:: Problem ::
Keep the images out while you retype all of the data exactly.

:: Input data ::
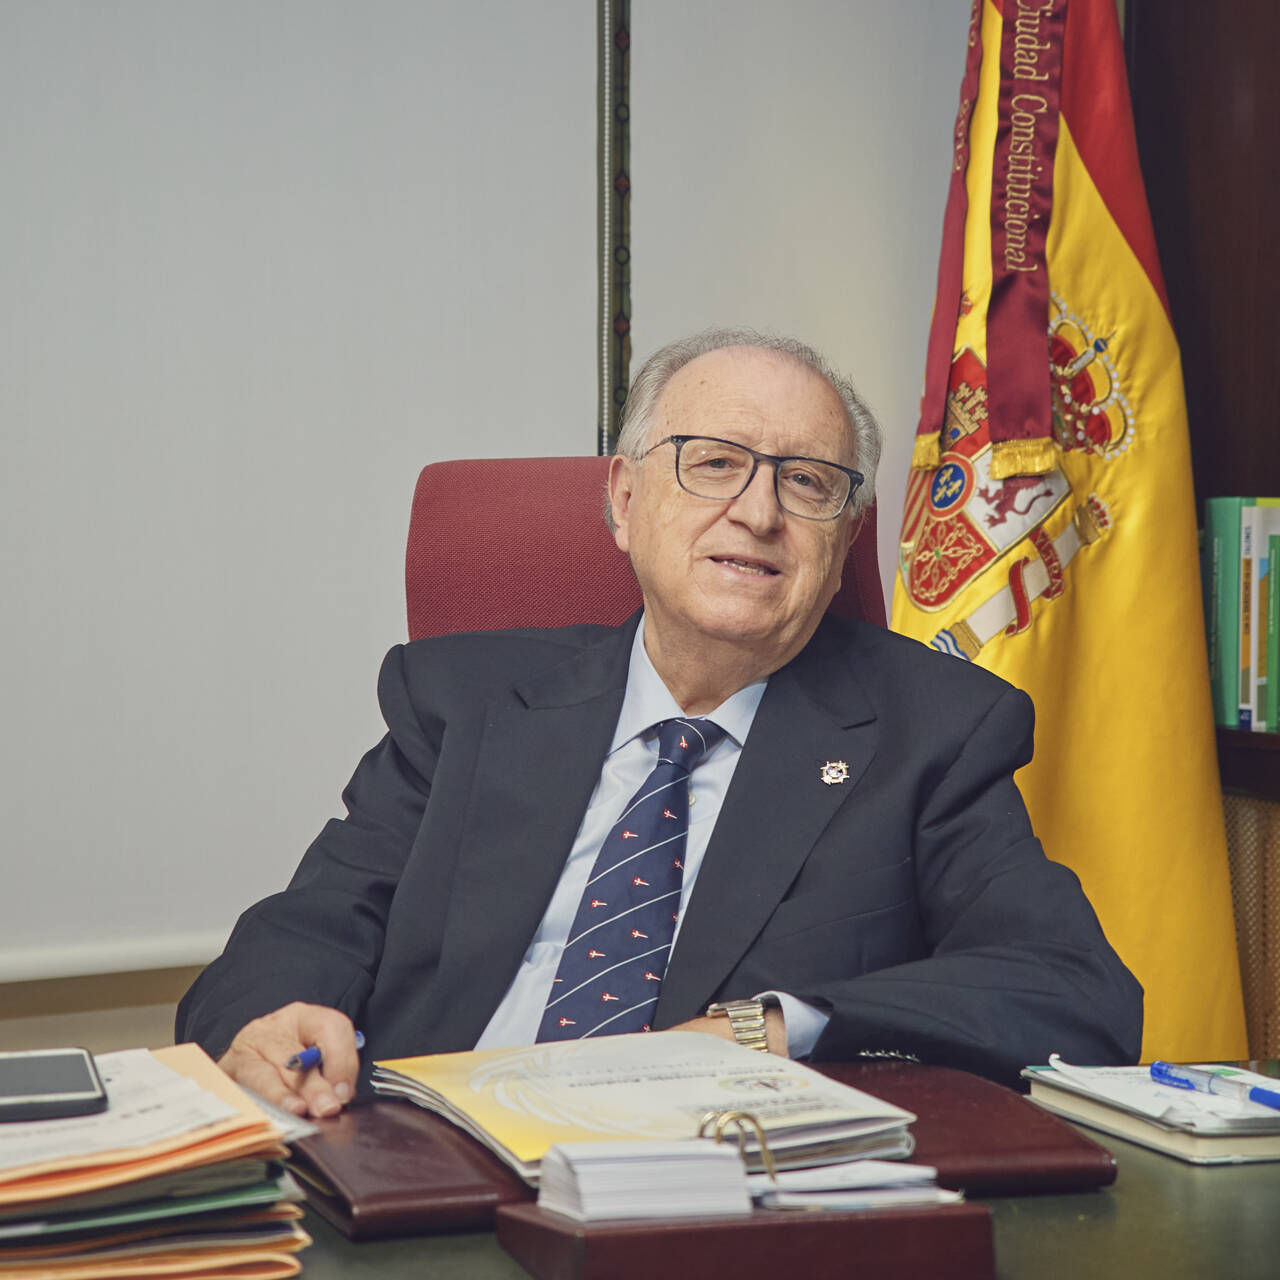 José Blas Fernández Sánchez
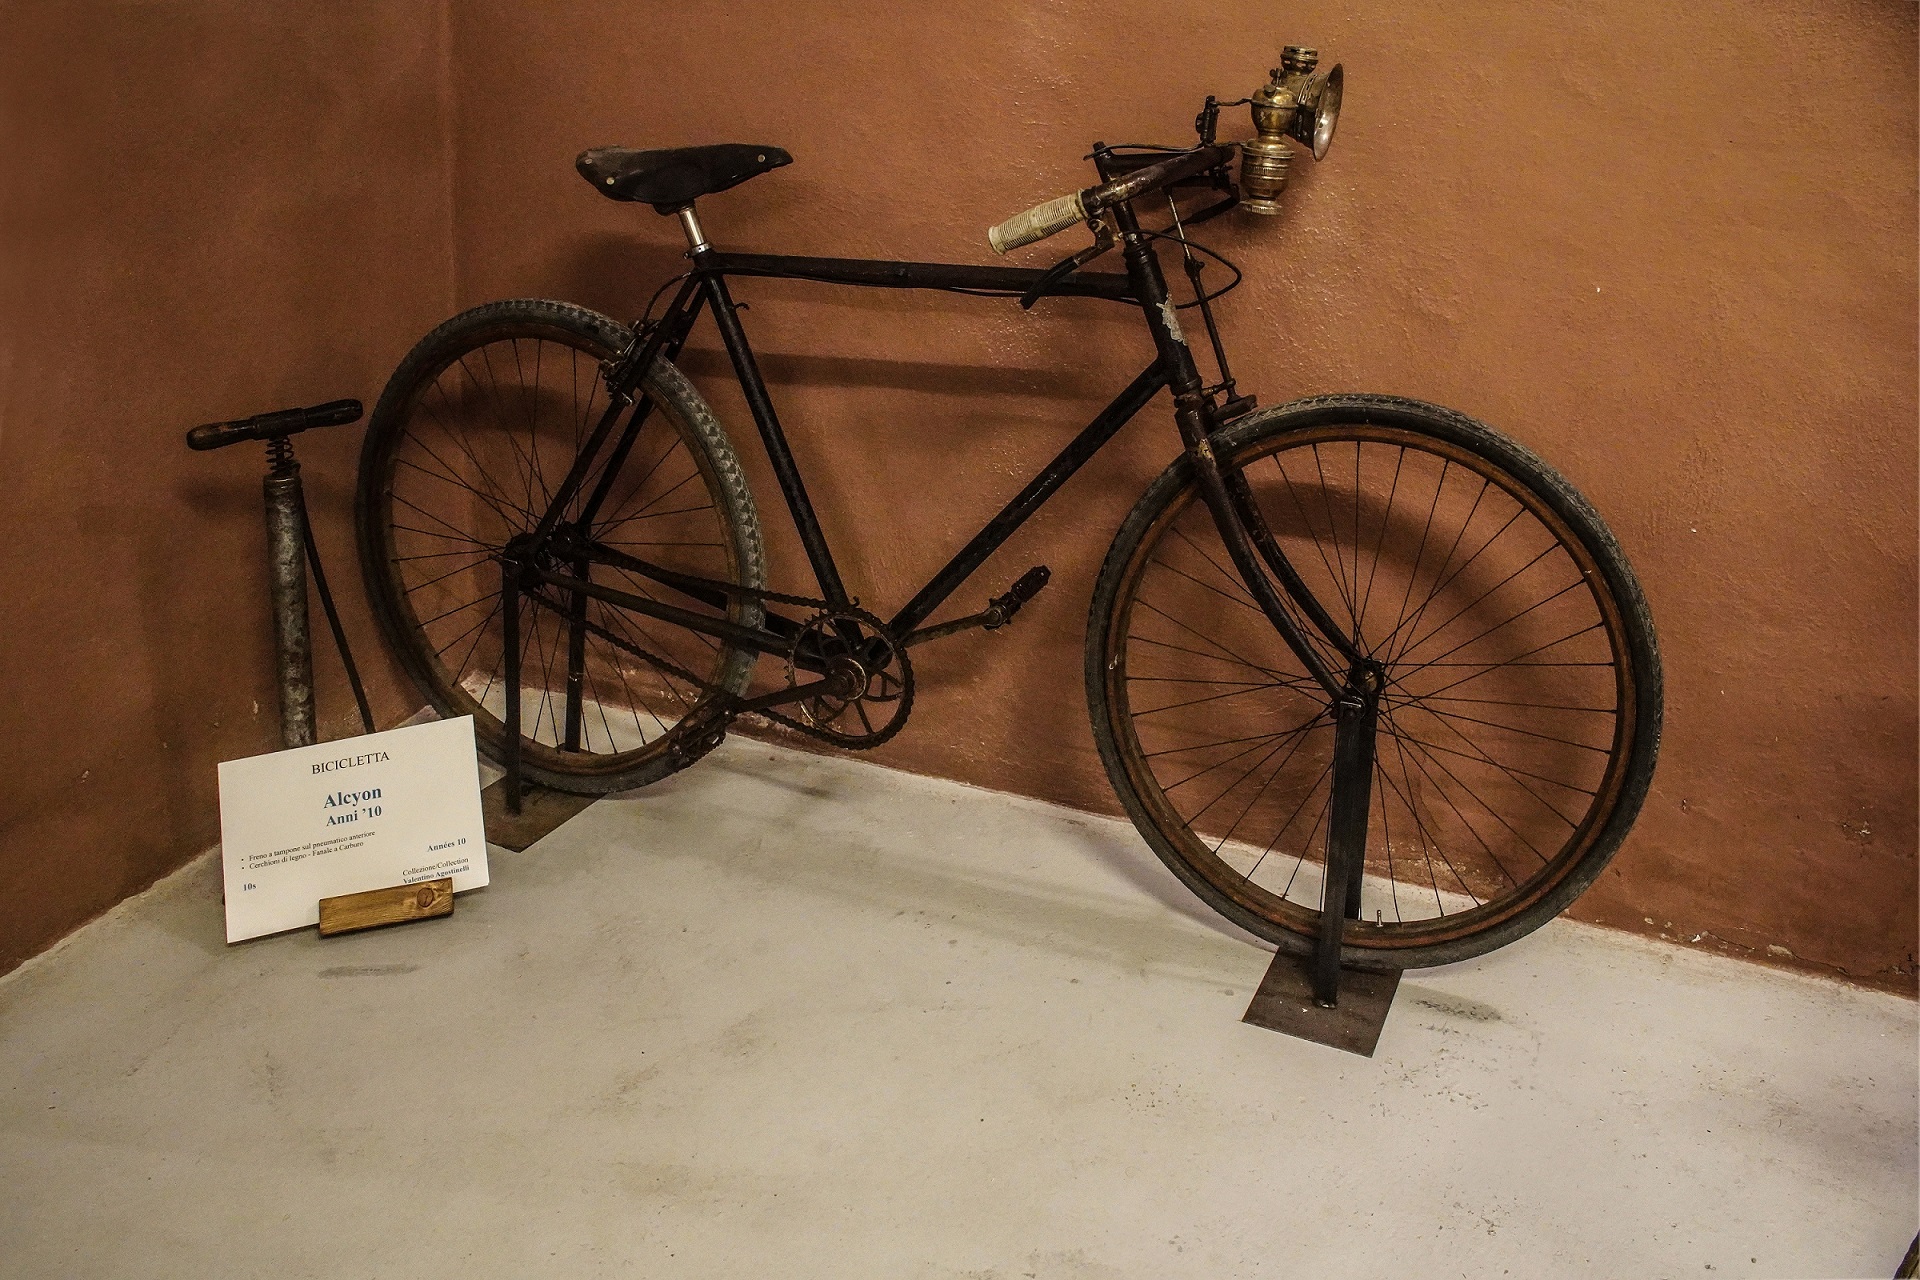 Museo dei mestieri in bicicletta
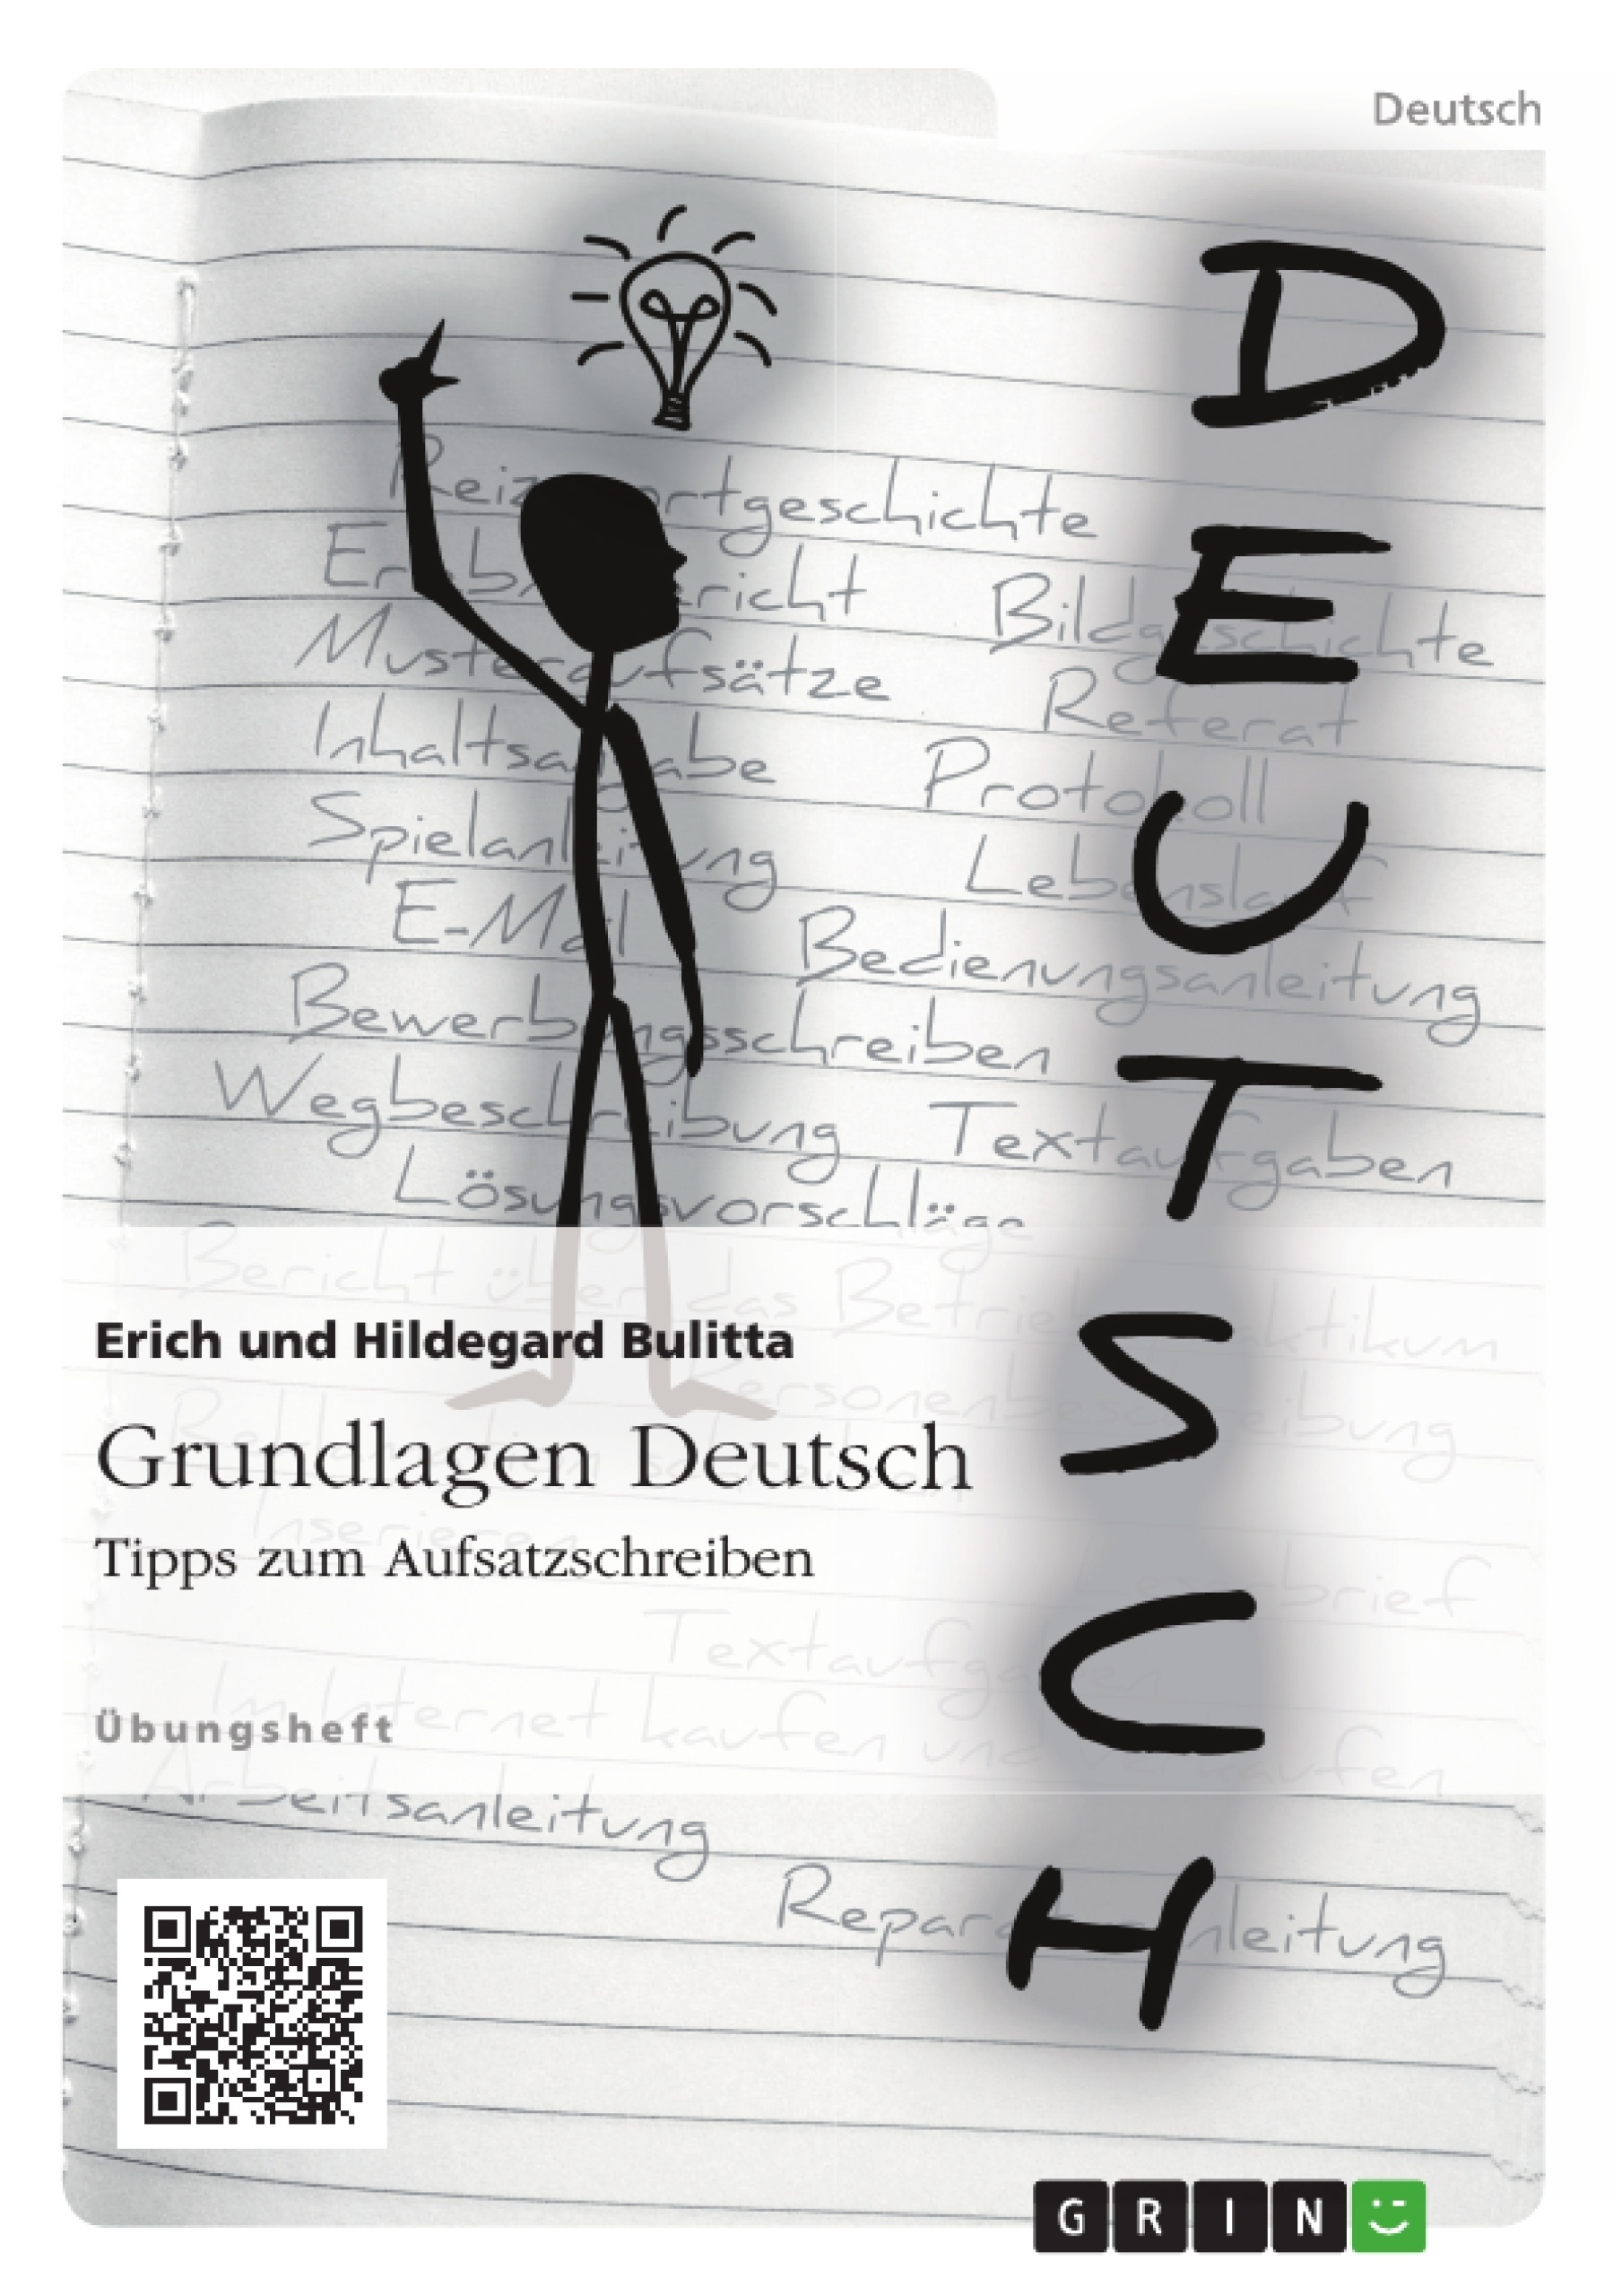 Title: Grundlagen Deutsch: Tipps zum Aufsatzschreiben

:: Exercise response ::
 José Blas Fernández Sánchez
 Museo dei mestieri in bicicletta
 Title: Grundlagen Deutsch: Tipps zum Aufsatzschreiben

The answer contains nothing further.